= Jurisdiction and Removal Act of 1875 =

The Jurisdiction and Removal Act of 1875 was an Act passed by the United States Congress in 1875, extending the jurisdiction of federal circuit courts as against that of the State courts.

==Provisions==
The 1875 Act was the culmination of a series of acts that expanded the authority of the federal judiciary after the American Civil War. Headed "An Act to determine the jurisdiction of circuit courts of the United States, and to regulate the removal of causes from State courts, and for other purposes", it granted the U.S. circuit courts the jurisdiction to hear all cases arising under the United States Constitution and the laws of the United States, as long as the matter in dispute was worth more than $500. The statute also made it possible for plaintiffs and defendants in cases before state courts to remove a case to a U.S. circuit court whenever the matter involved a question of federal law or if any members of the parties were from different states. By establishing the full federal jurisdiction permitted by the Constitution, the act of 1875 fundamentally changed the role of the federal courts through the most sweeping extension of judicial power since the short-lived Judiciary Act of 1801.

==Background==
Since 1789, federal jurisdiction had been divided between the federal courts and state courts, with the latter hearing most cases involving federal law if both parties were residents of the state. In the first half of the nineteenth century, Congress occasionally expanded the right of removal to federal courts in order to protect specific areas of federal authority such as enforcement of customs regulations during the War of 1812 and the collection of revenue following South Carolina’s attempt to nullify tariff laws. During and after the Civil War, Congress more frequently included removal provisions in acts designed to protect civil and political liberties in the former Confederate states, but the right of removal continued to be extended only in attempts to enforce specific policies.

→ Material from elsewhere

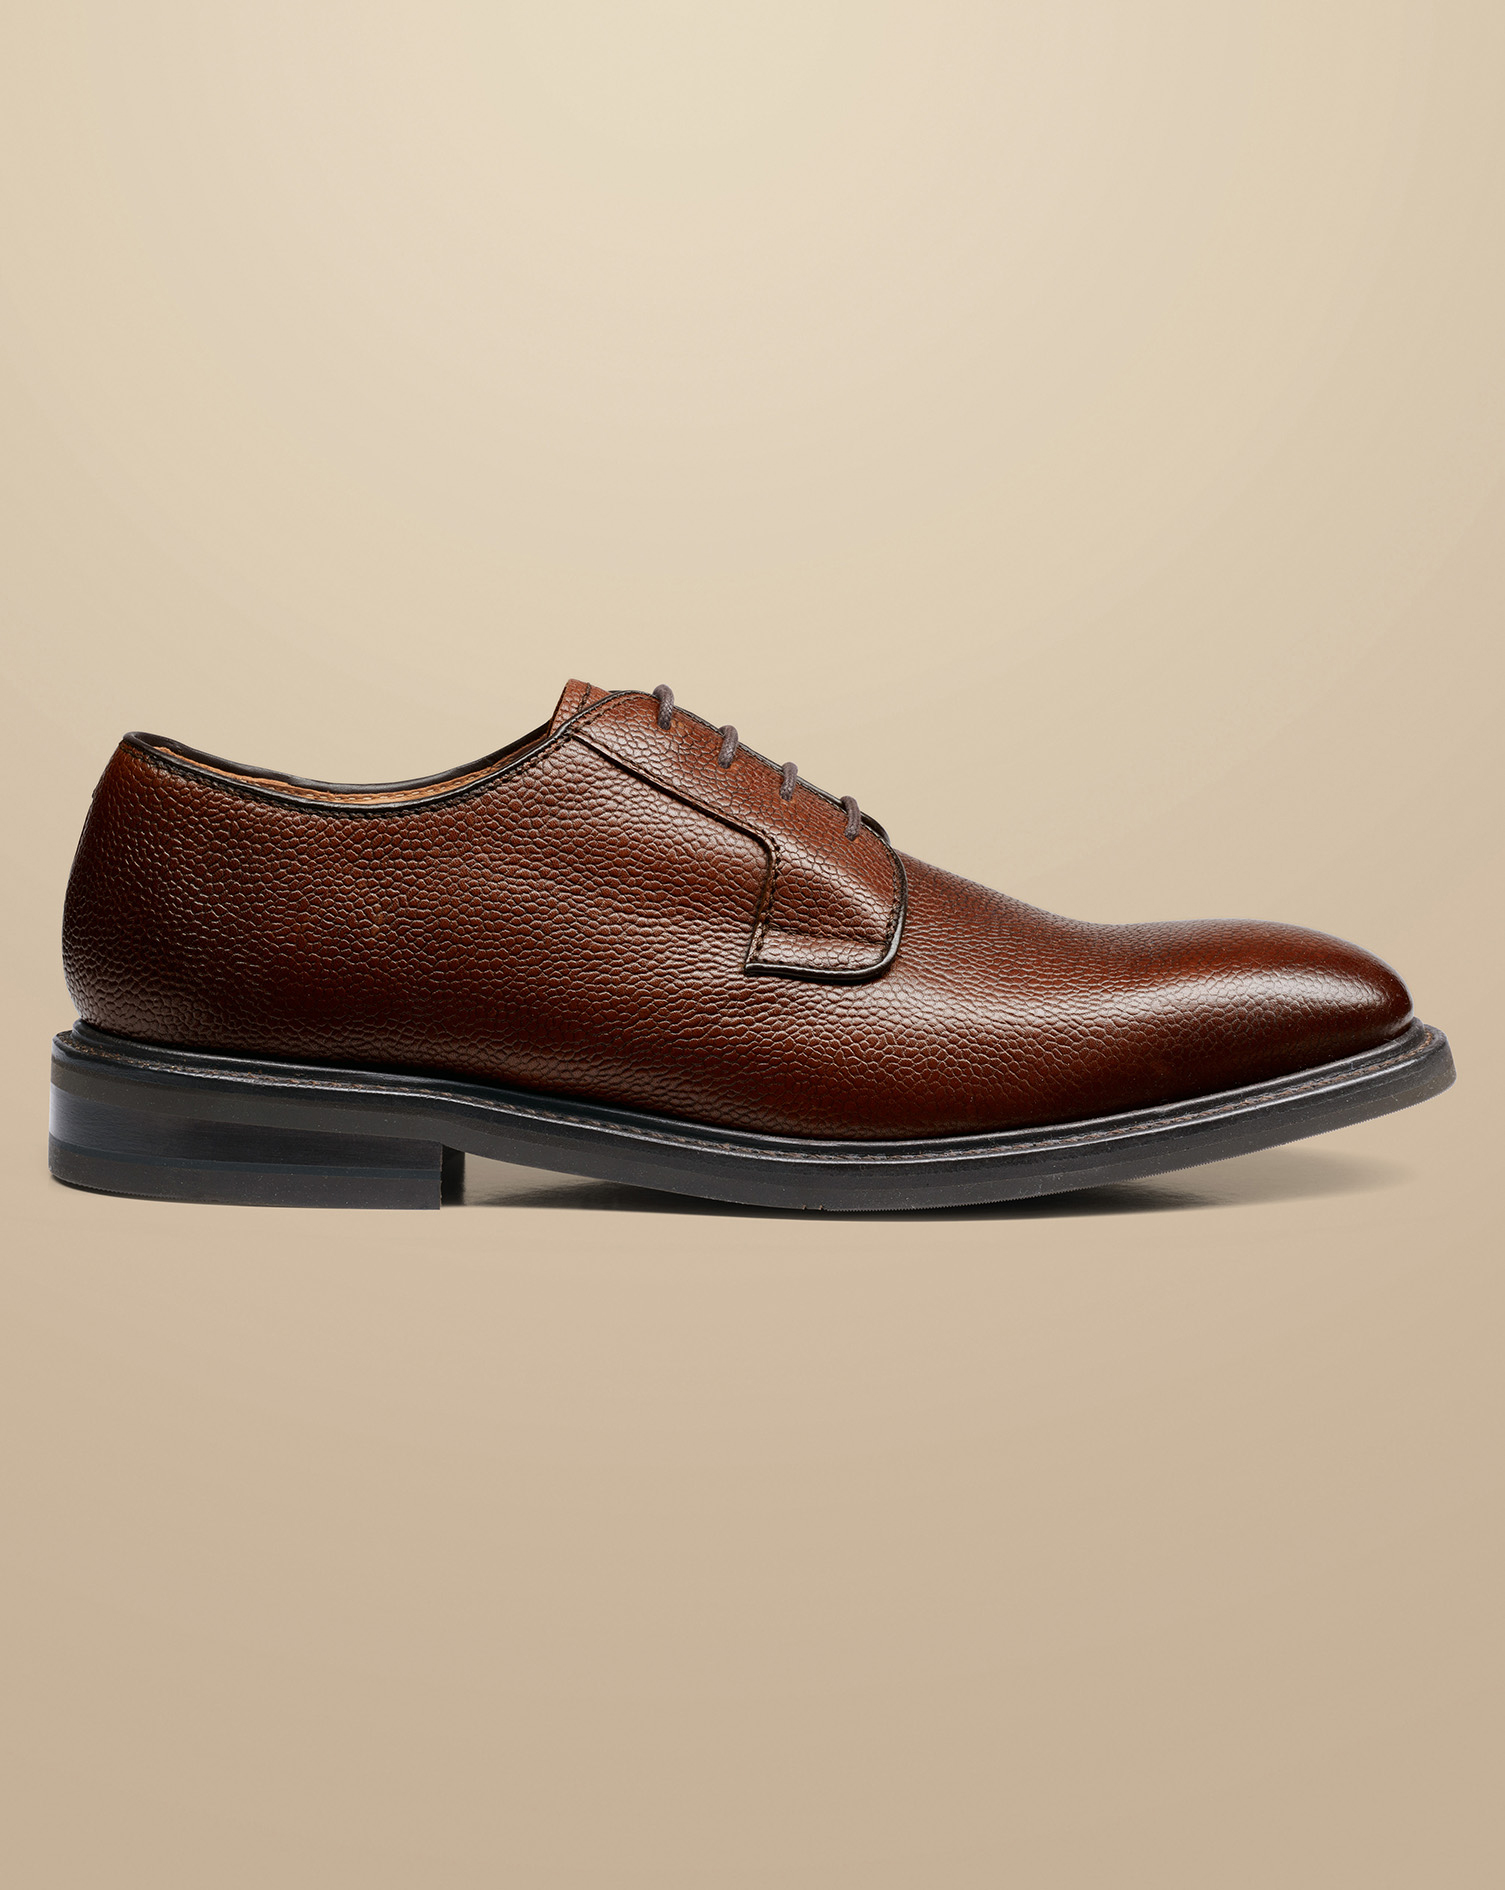 Men's Charles Tyrwhitt Grain Leather Derby Rubber Sole Shoe - Chestnut Brown Size 9

By 1875, the members of Congress who supported full federal jurisdiction and a broad right of removal from the state courts were concerned less with the protection of freed slaves and white Unionists in the South than with the advancement of business interests that were often obstructed by state courts.

==Enactment==
After the Supreme Court of the United States in 1874 overturned the removal provisions in two recent acts, Representative Luke Poland of Vermont introduced legislation to restore the right of removal in all civil cases in which one of the defendants was a citizen of a state other than that in which the suit was filed. Although the House rejected this modest extension of removal and passed a bill to make only minor revisions in the law, Senator Matthew Carpenter of Wisconsin proposed amendments to grant full federal jurisdiction to the United States circuit courts and guarantee the right of removal in any civil case arising under federal law or in which there was diversity of citizenship, with the $500 threshold applying to both categories of cases. The debate in Congress focused on the growing significance of interstate commerce and the economic benefits of a uniform system of justice.

The United States House of Representatives accepted that version of the bill, which President Ulysses S. Grant signed into law in March 1875.

==Consequences==
Although this broad redefinition of federal jurisdiction prompted surprisingly little comment at the time, the act of 1875 attracted new types of litigation that swelled the caseload of the federal courts and challenged the existing organization of the judiciary.